Dataset excerpt:

——

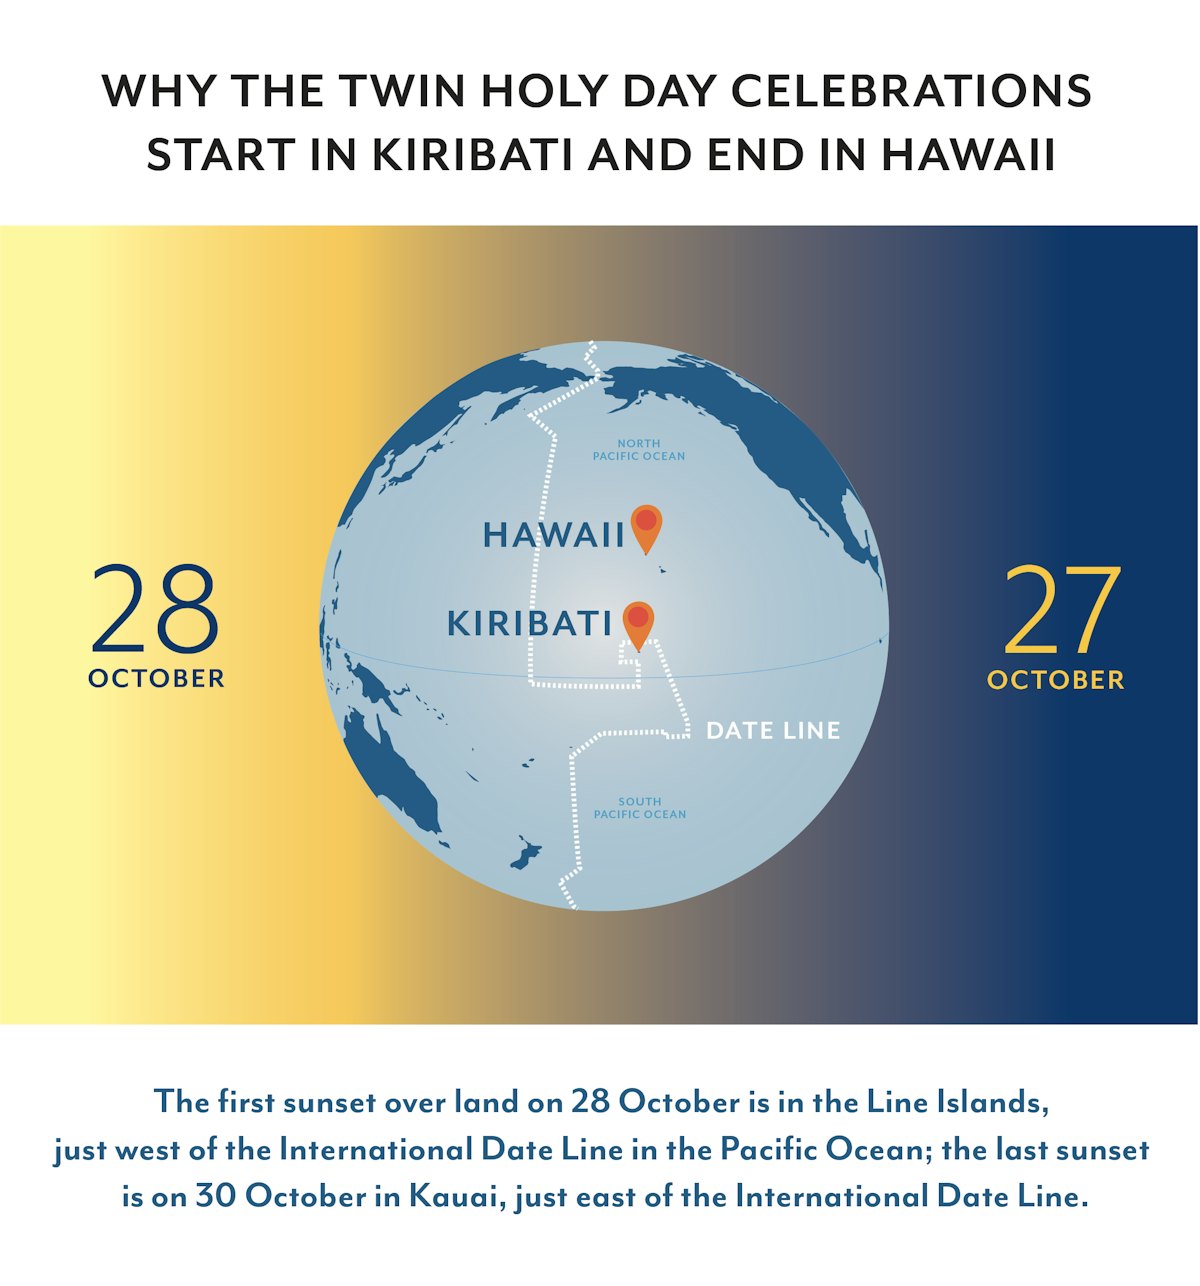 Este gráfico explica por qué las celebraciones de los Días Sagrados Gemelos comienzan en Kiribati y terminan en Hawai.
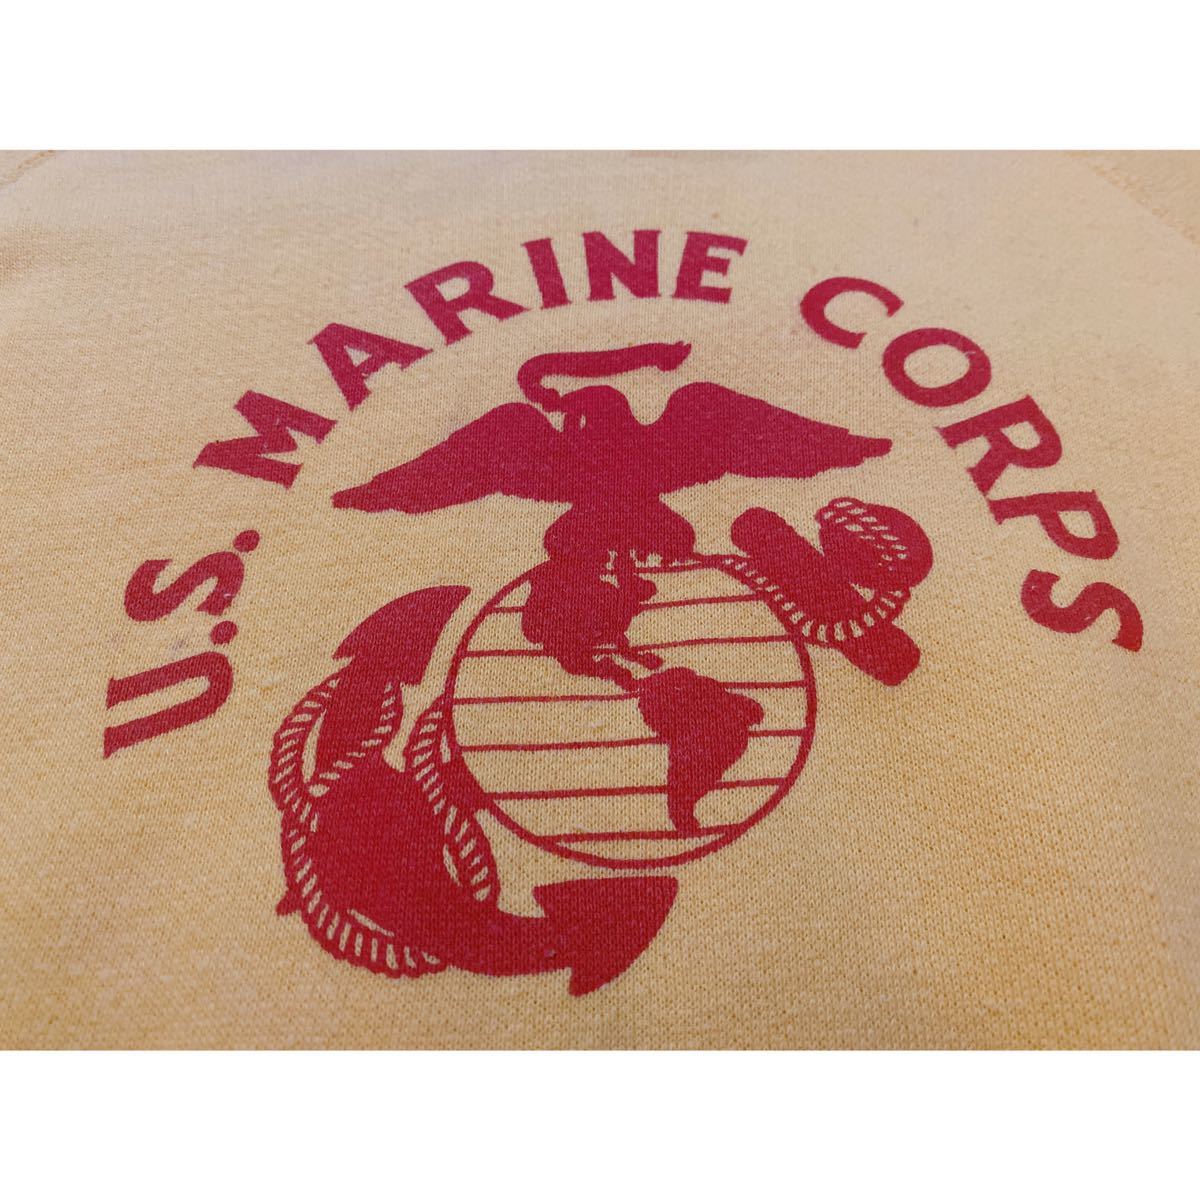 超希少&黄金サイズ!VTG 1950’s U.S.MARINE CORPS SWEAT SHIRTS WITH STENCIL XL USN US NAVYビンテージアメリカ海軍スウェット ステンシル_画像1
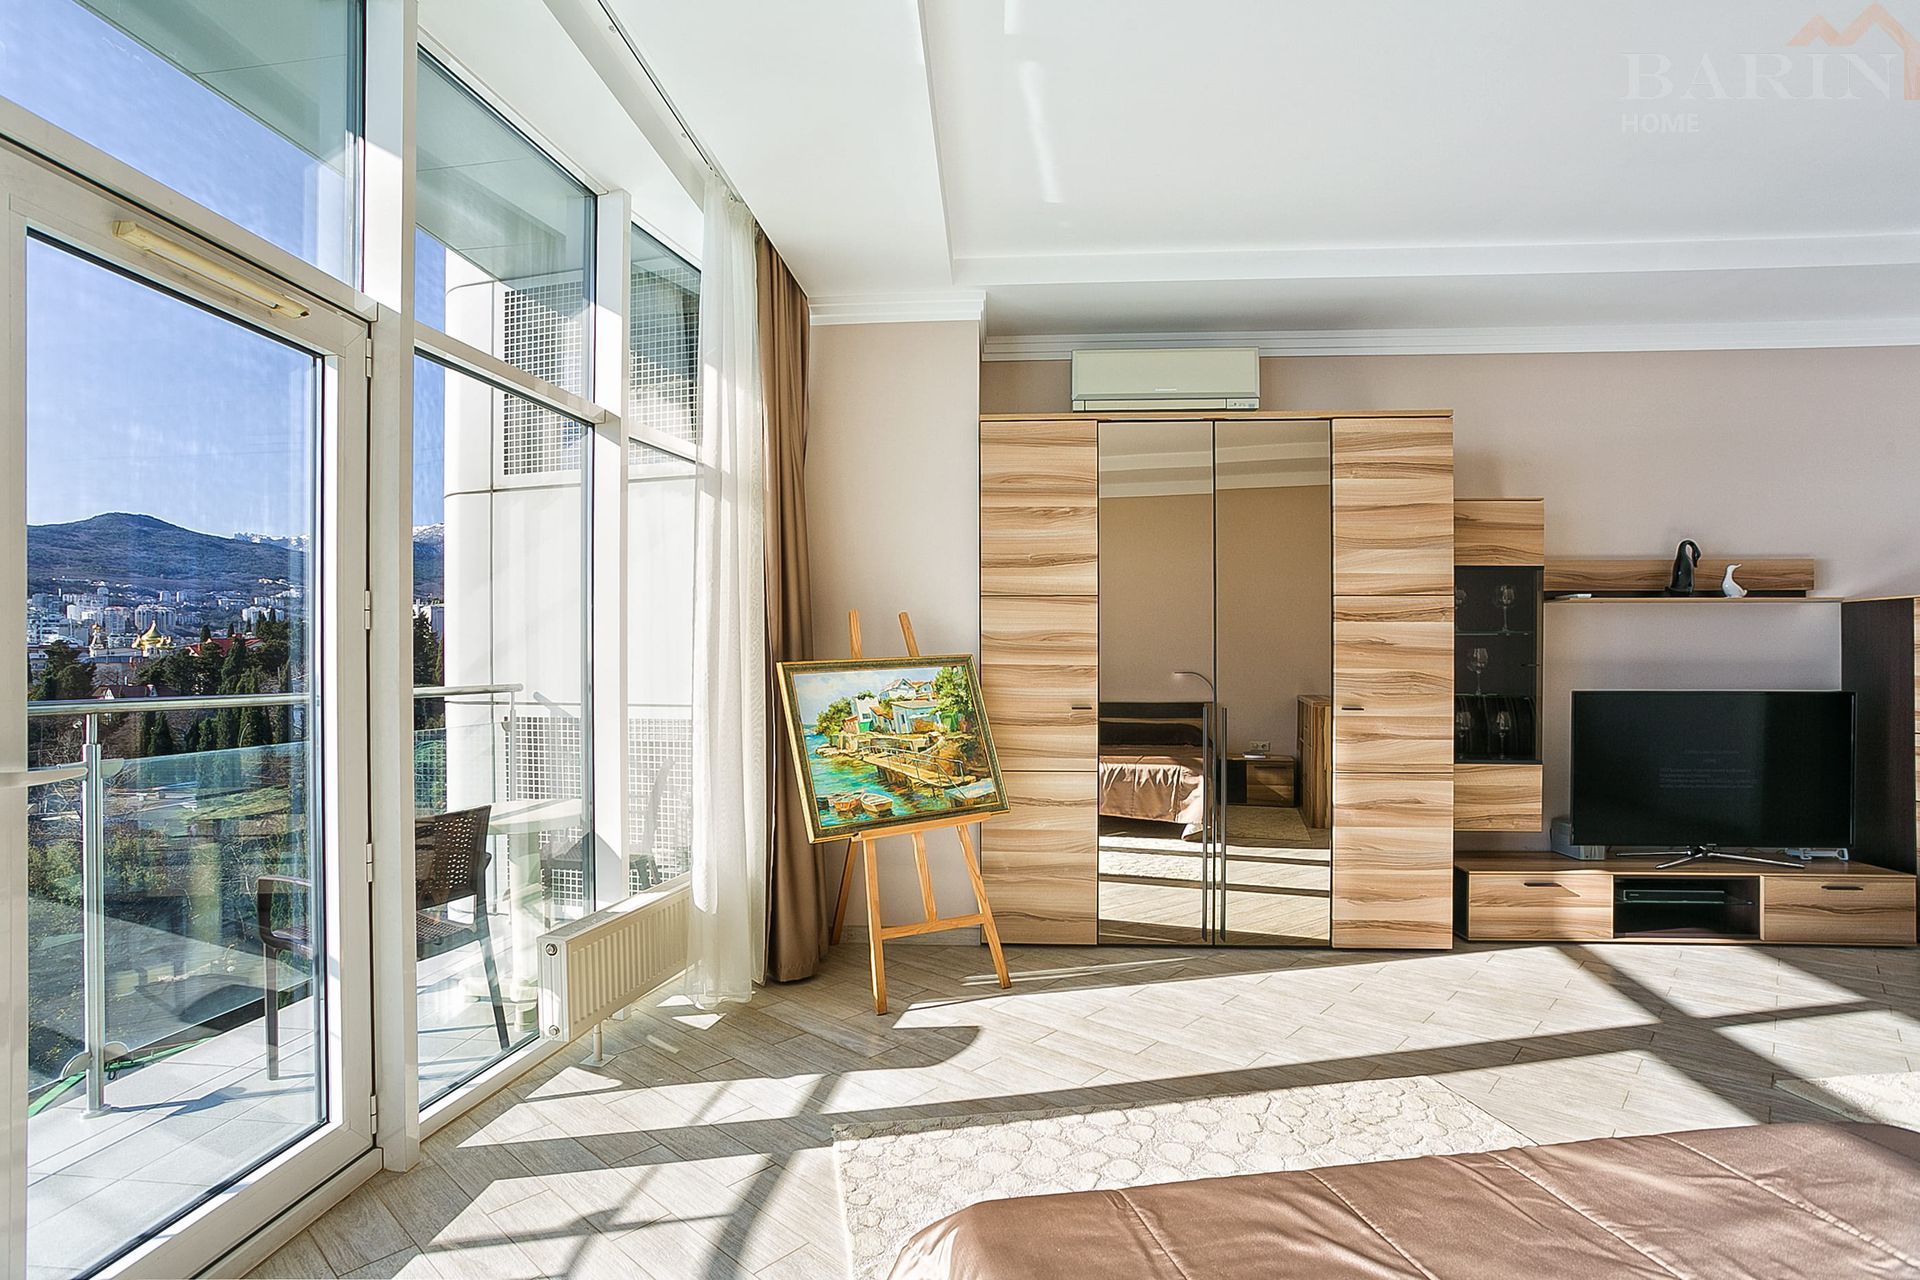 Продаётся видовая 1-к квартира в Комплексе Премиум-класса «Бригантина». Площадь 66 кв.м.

——

What you have to do: Could you give the listing again exactly, minus its pictures?

Finished task:
 Este gráfico explica por qué las celebraciones de los Días Sagrados Gemelos comienzan en Kiribati y terminan en Hawai.
 超希少&黄金サイズ!VTG 1950’s U.S.MARINE CORPS SWEAT SHIRTS WITH STENCIL XL USN US NAVYビンテージアメリカ海軍スウェット ステンシル_画像1
 Продаётся видовая 1-к квартира в Комплексе Премиум-класса «Бригантина». Площадь 66 кв.м.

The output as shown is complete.